I watched it... didn't really care for it.

The pacing was terrible and the motivation of the characters is really dumb if you stop and think about it at all.

The soundtrack was kinda kick-ass though so its not all bad. <:


----------



## Fruitythebeetle (Feb 7, 2019)

i was tore if i should watch this show...maybe i shouldn't. any alternatives?


----------



## Pipistrele (Feb 7, 2019)

Vitaly said:


> Finally someone thinking the same way.
> Every  time I say that Devilman is overrated everyone calls me a stupid marginal who doesn’t understand the essence of this masterpiece.


It should be kept in mind though that Devilman basically established a lion share of seinen anime tropes and influenced a crapton of people back in the day - so, any adaptations of it will naturally feel simplistic and bland in comparison to modern stuff due to said modern stuff being built on Devilman's presets. Crappy storytelling aside, visual composition and directing in "Crybaby" are still stellar for anime though - a lot of stuff that runs circles around cookie-cutter shounen titles.


----------



## 1234554321 (Feb 7, 2019)

I loved it, so much so that I watched all episodes in a single session. The ending left a really bitter taste in my mouth... But looking back at it it's legitimate


----------



## Asher Grey (Feb 7, 2019)

I loved it, was my big thing for a while. Probably in part because the guy I was dating at the time and I looked so much like Akira and Ryo. 

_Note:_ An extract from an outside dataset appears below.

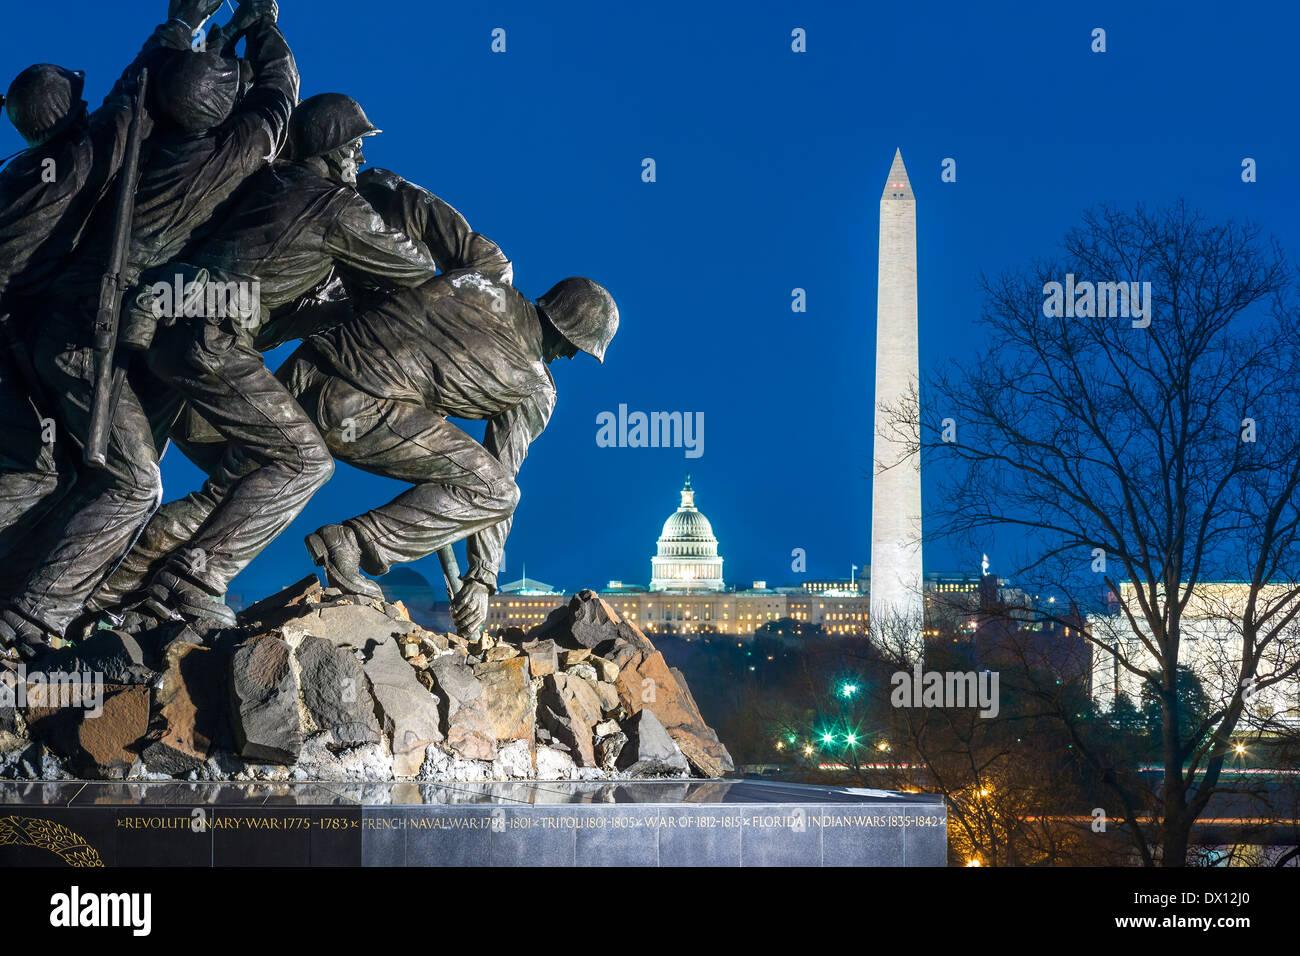 Arlington US Marine Corps War Memorial Washington DC skyline Washington Monument US Capitol Building Lincoln Memorial Mall - Stock Image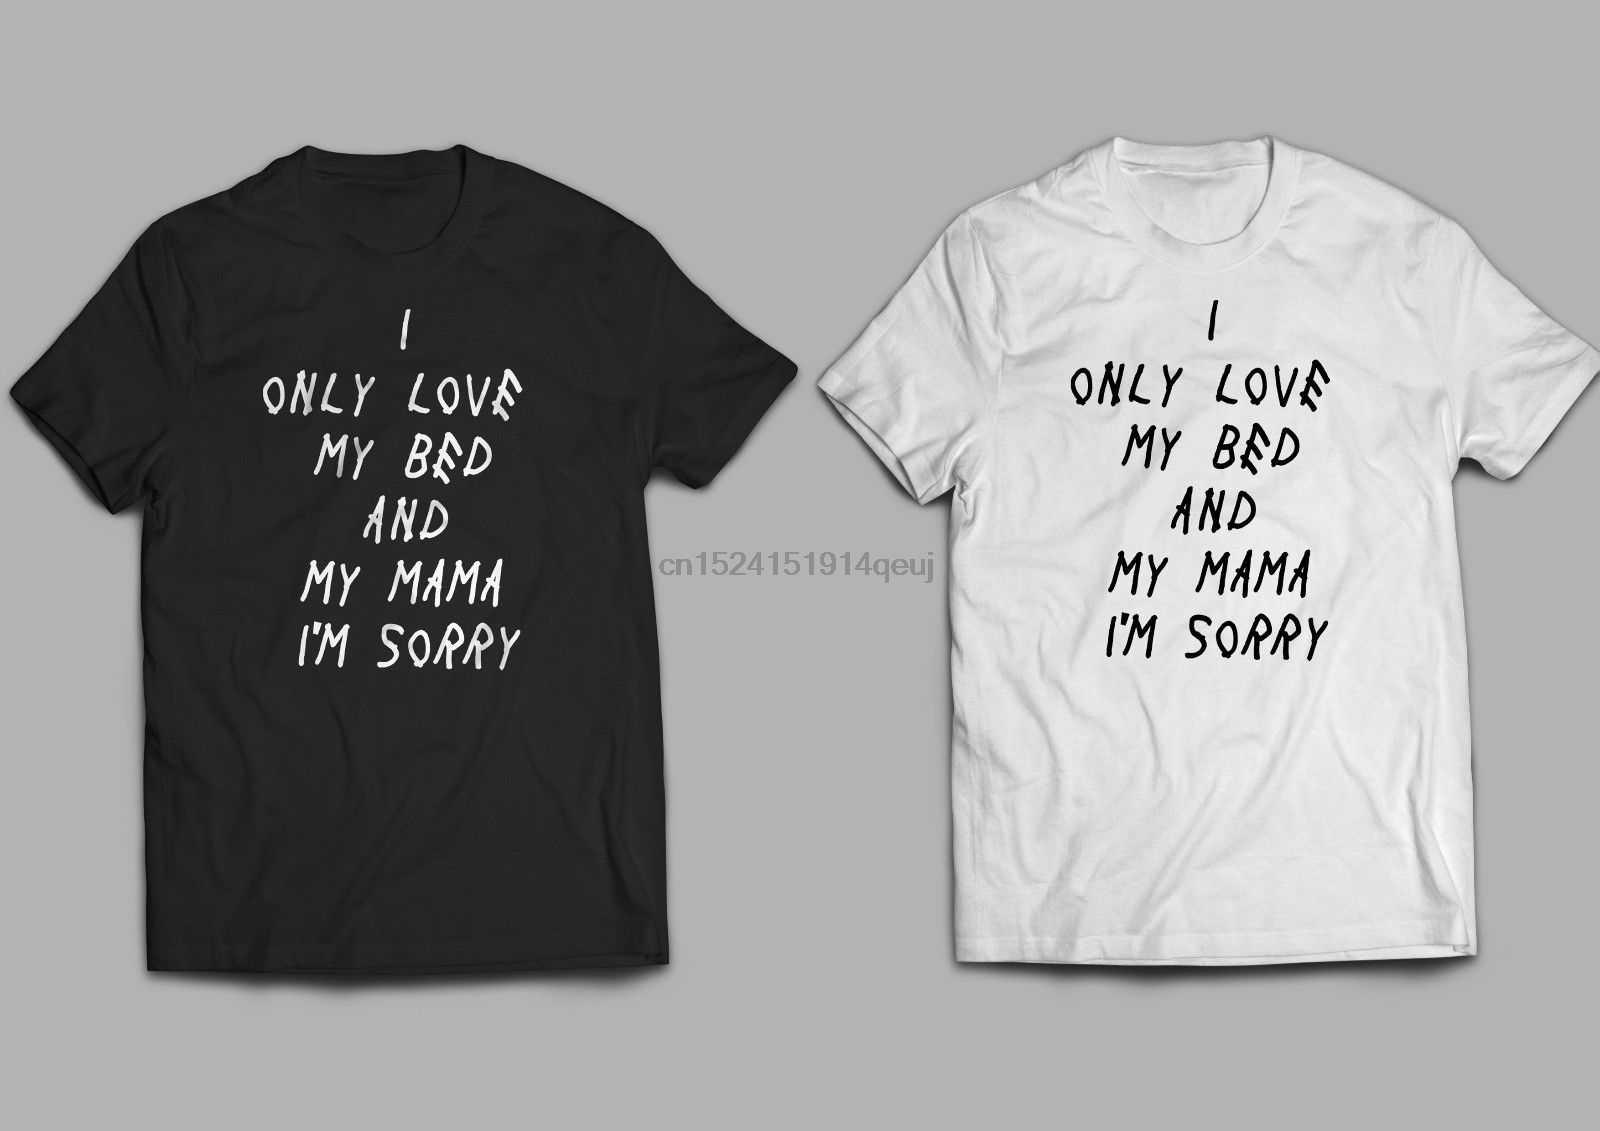 Drake Gods Plan T-shirts or DIY vinyl RAPPER HIP HOP TUMBLR SAD RIP RAP 06597538f562

And really, this shit was peak comedy when I was 16(spoilers for ep 1)


----------



## Fallowfox (Feb 9, 2019)

I saw it advertised but I haven't watched it. People's reviews here suggest I may have dodged a bullet. x3


----------



## Starbeak (Feb 9, 2019)

I saw it. The beginning had extreme promise. The music was amazing. I thought overall it wasn't a bad series. Indeed it wasn't great or fantabulous, it is something that is interesting.



Spoiler: Brief description of the show



If you like over-the-top violence and random nudity, then this is the show for you to "cool but why" at =D





Spoiler: Devilman Crybaby Thoughts



Ryo has a bizarre backstory that is hard to follow sometimes. The twist ending got me thinking... 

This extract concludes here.